A central kind of case involves stakes-sensitive knowledge ascriptions. Consider:
-
Low stakes case: Hannah and her partner are driving home on a Friday. They pass a bank and see that it appears open. They deposited a check there two weeks ago on a Saturday. Very little hinges on whether the bank will be open tomorrow; if they are wrong, it is only a minor inconvenience. Hannah says, “I know the bank will be open tomorrow.”
-
High stakes case: In a variation, a large bill must be paid tomorrow. If the bank is closed, significant penalties will result. Hannah’s evidence is the same—she saw the bank open and recalls a recent Saturday deposit—but now a lot depends on being right. She hesitates and says, “I don’t know that the bank will be open tomorrow.”
Many people share the intuition that the low-stakes assertion “I know the bank will be open” is true or appropriate, while the high-stakes assertion “I know the bank will be open” is not. SSI attempts to respect these intuitions without appealing to context-dependent meanings for “knows”.
On an SSI account:
- In low stakes, Hannah’s evidence (perception and memory) suffices for knowledge.
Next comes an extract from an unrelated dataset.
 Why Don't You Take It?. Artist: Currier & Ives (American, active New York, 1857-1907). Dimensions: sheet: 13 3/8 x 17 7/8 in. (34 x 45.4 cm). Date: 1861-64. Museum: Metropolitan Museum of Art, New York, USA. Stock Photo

- In high stakes, the very same evidence may no longer suffice, because the required epistemic position is stronger when much is at risk. For instance, she may need to rule out more alternatives, gather more evidence, or be in a position to act responsibly on the basis of p.
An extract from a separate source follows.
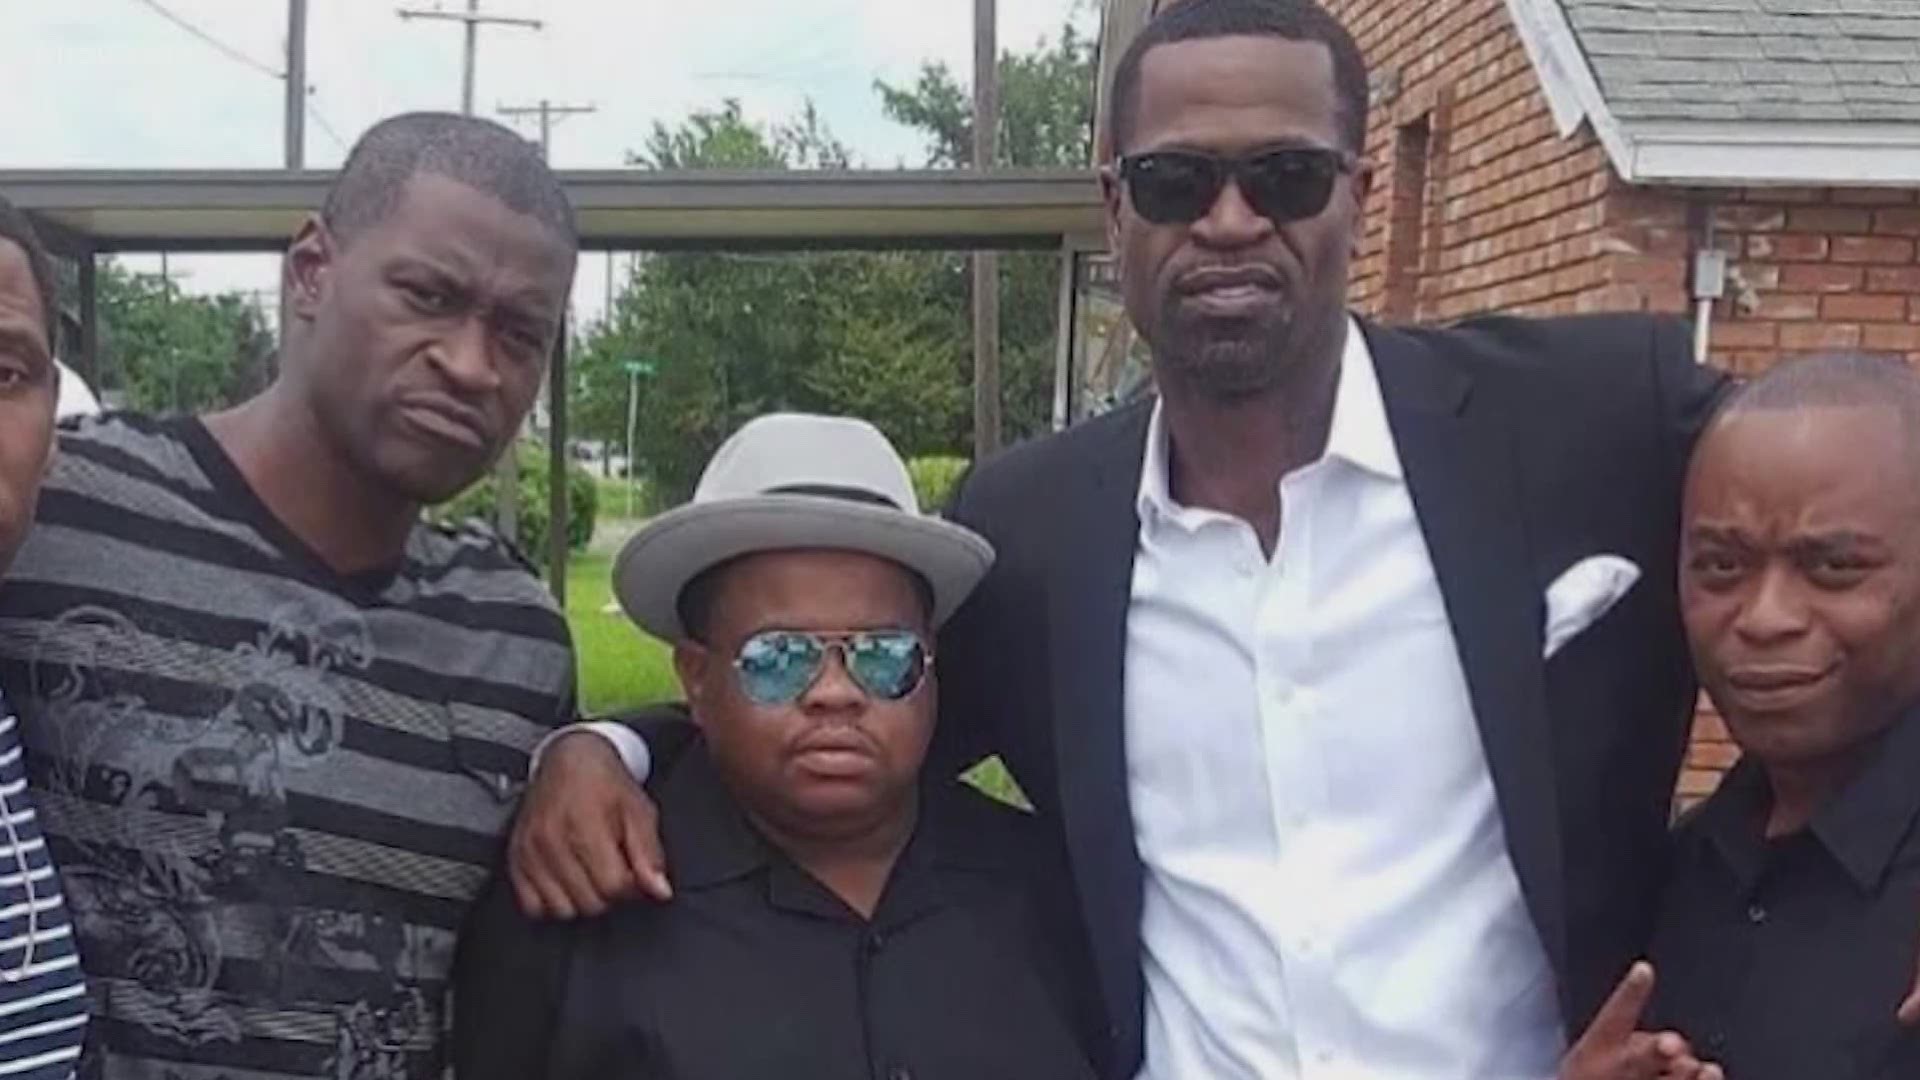 Former NBA player Stephen Jackson is speaking out about his "twin brother" George Floyd. His new mission in life is getting Justice for his twin.

This can be generalized to other familiar cases:
-
Lottery cases: You hold a ticket in a fair, large lottery. The probability that your ticket will lose is extremely high. In everyday life, you may say “I know I won’t win,” but some argue that in contexts where betting large sums on this proposition is at issue, it is inappropriate—or even false—to say you know your ticket will lose, because you still face a live possibility that it will win.
-
Moral and legal decision-making: A doctor deciding on a high-risk treatment or a jury deliberating over a verdict might be thought to need a stronger epistemic position than someone making a trivial everyday prediction. SSI models this by making the subject’s decision problems and potential costs part of the conditions for knowledge.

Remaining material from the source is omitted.